Search Engine

All search engines include four main components:

  1. Crawling, Seeds, and Connectors: The crawler collects the raw data that will eventually form the search results. When crawling web pages, the crawler begins at the user-specified seed URLs and begins downloading web pages. The crawler locates hyperlinks on the downloaded pages and schedules the newly-discovered pages for further crawling. Configuration information is used to determine which pages need to be crawled and how to crawl them.
  2. Converting: The converter processes the raw data discovered by the crawler and produces one or more pieces of indexable data. The raw data may be encoded in any number of formats, including archives, compressed files, PDFs, or Microsoft Word files. Most search engines do not expose the conversion step. This step is heavily customizable in the Watson Explorer Engine Search Engine, supporting extremely flexible processing of the raw data that includes sophisticated metadata processing and, optionally, generation. Watson Explorer Engine also provides a very advanced title extractor to infer document titles from documents in PDF, Word, and other formats. The final output of the conversion process will be XML in the IBM XML format.
  3. Indexing: The indexer processes the textual data produced by the converter and builds data structures to facilitate the efficient search and retrieval of this information. In the Watson Explorer Engine Search Engine, indexing also produces signatures that will be used for near-duplicate elimination at search time. The indexer service for each collection is the process that actually serves the results.
  4. Searching: The search process (called the query-service) runs constantly and proxies requests to the correct indexer service.

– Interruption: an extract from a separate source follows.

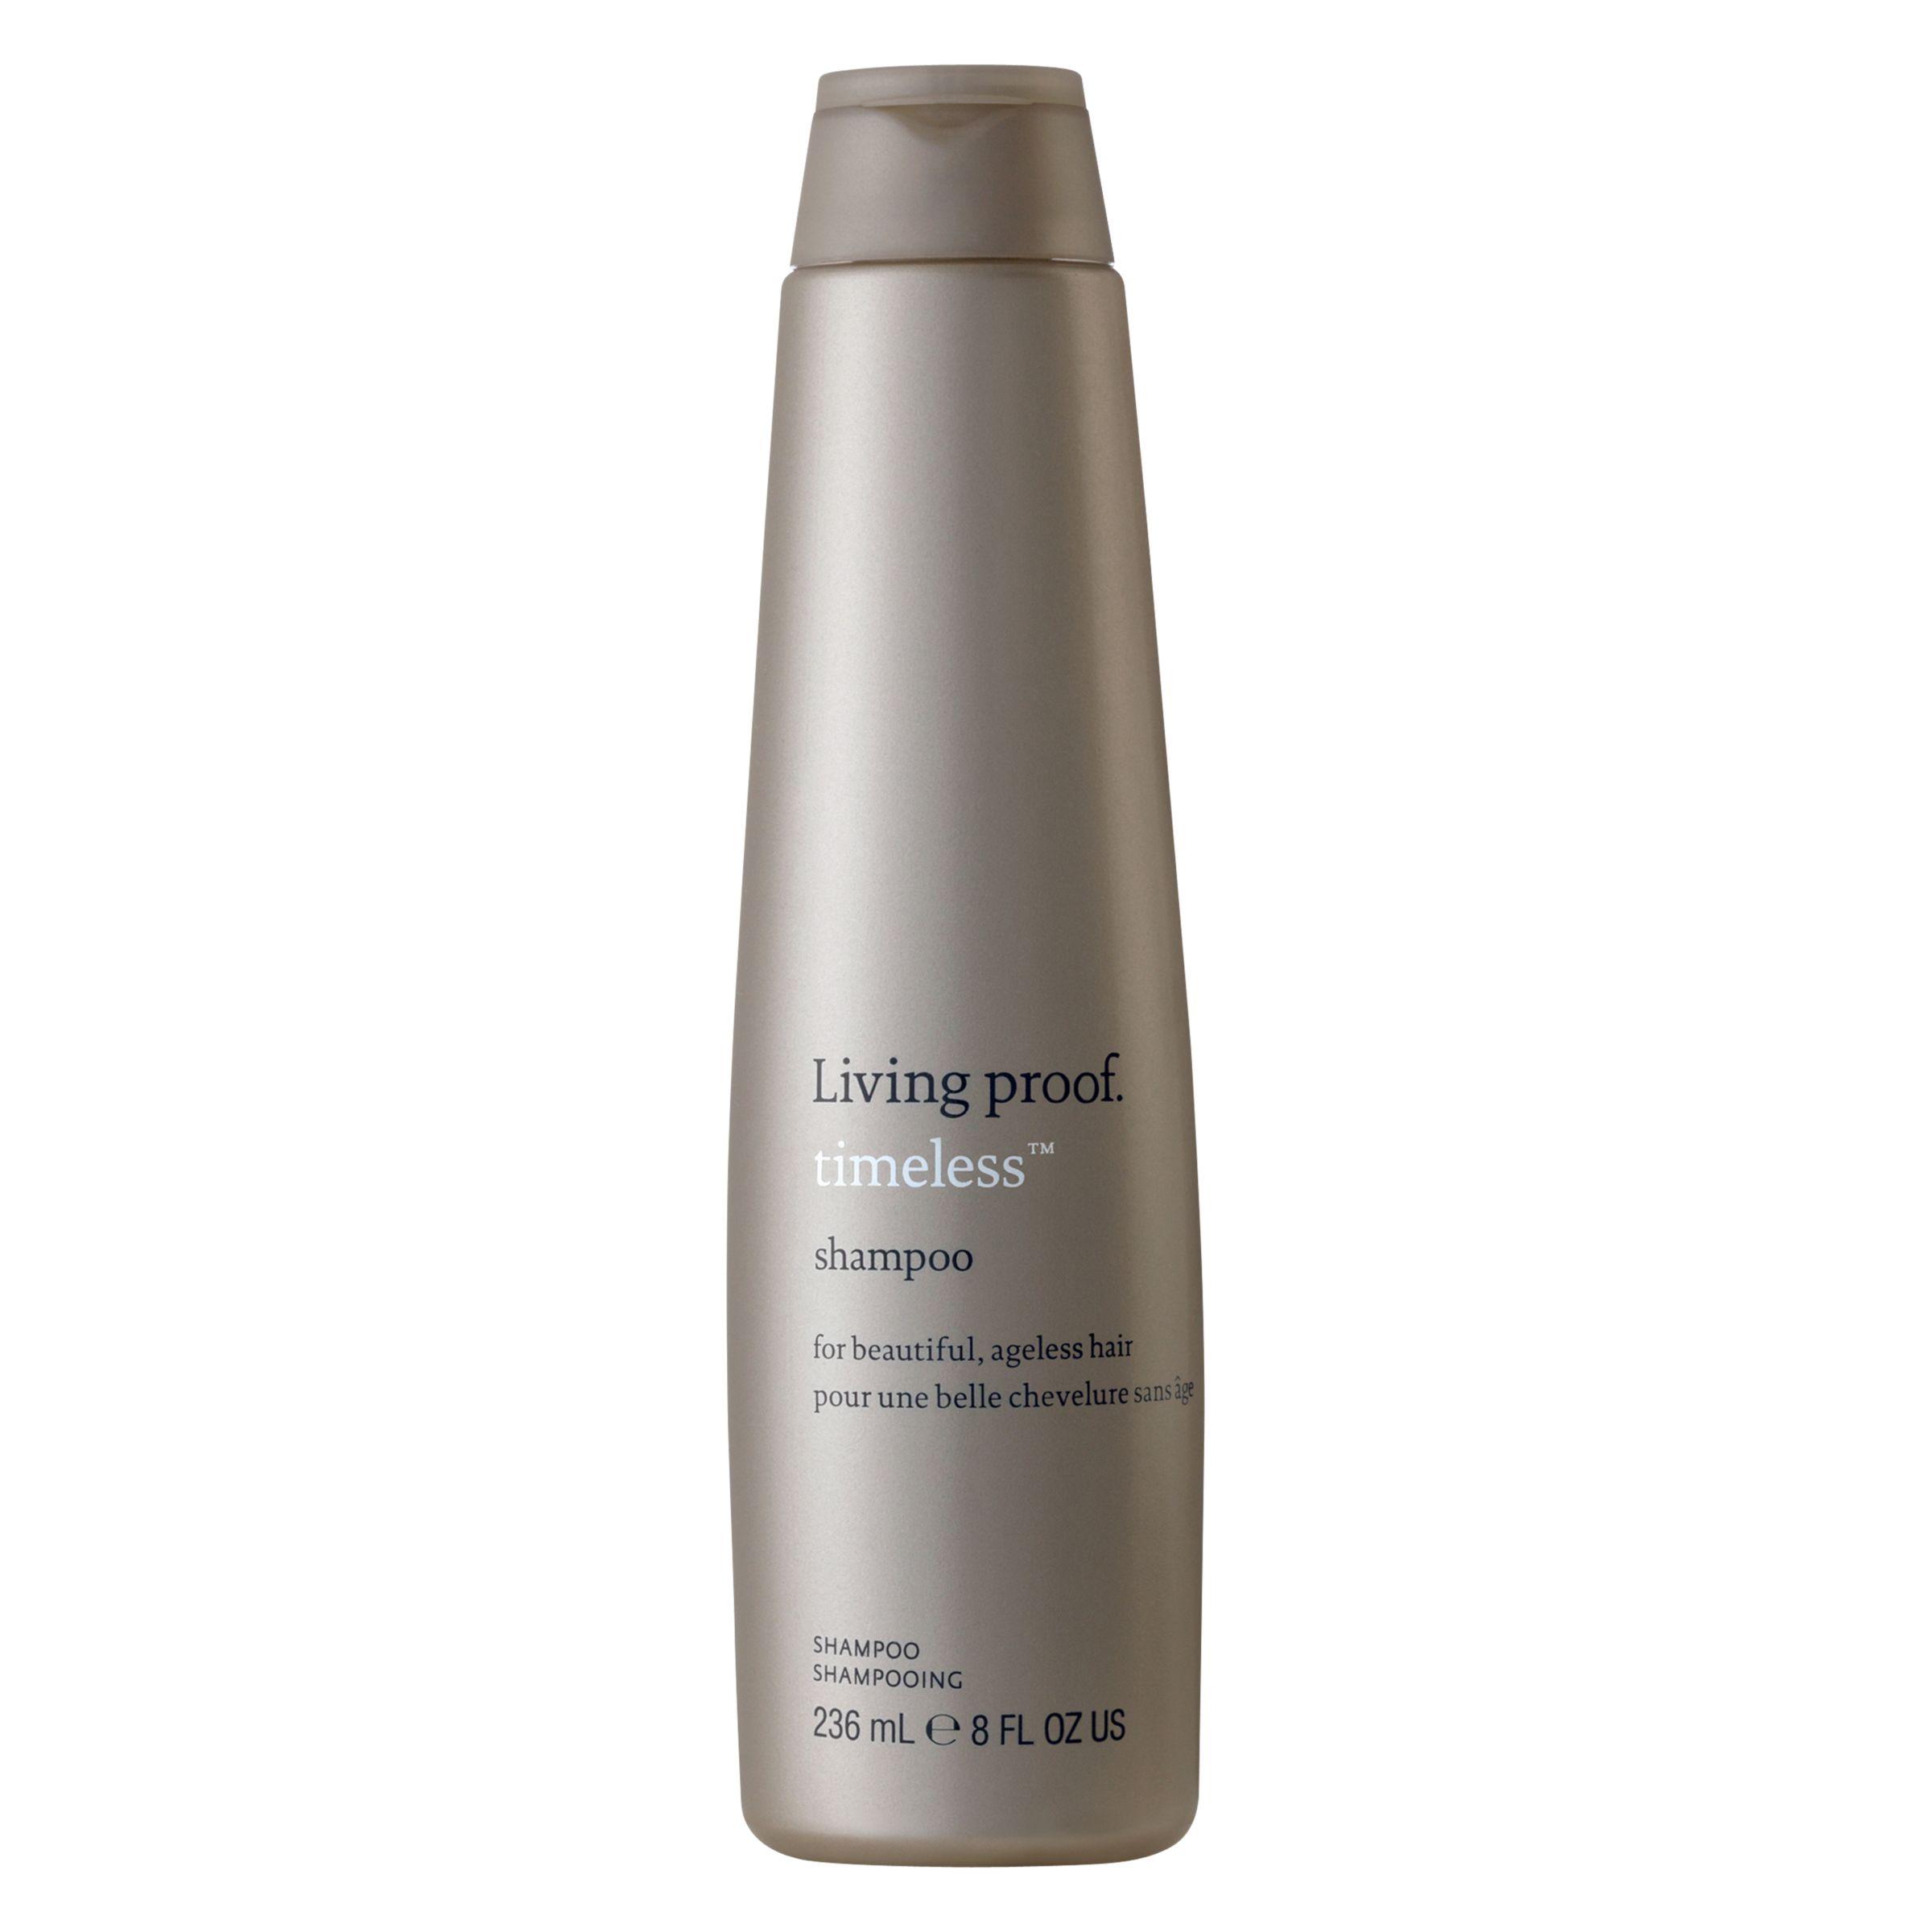 Living Proof Living Proof Timeless Shampoo, 236ml

The Watson Explorer Engine administration tool contains a configuration tab containing a sub-section for each of these components. Additionally, the Query Service configuration specifies options that apply to all collections.

The data and configuration for a search is called a collection. There is no limit to the number of collections that may be created. Each collection contains the live data and (potentially) the staging data. The live data is used for the current search. The staging data is used to accumulate information while a new copy of the collection is being crawled and indexed. These concepts are explained in more detail in the Live vs. Staging section. To change and test a new configuration, a collection may also have a working copy.

A new collection is a copy of the configuration of an existing collection. This is normally the default collection. The default collection can be used to specify organization-wide default options. For example, if a proxy is required, the proxy information can be entered in the default collection, and it will be used for all subsequently-created collections.

The crawler is based on a recursive rule system, offering extensive control over the crawl. Documents are generated using an open, extensible framework in which you can insert arbitrary programs and scripts as well as XSL transformations or Watson Explorer Engine transformations.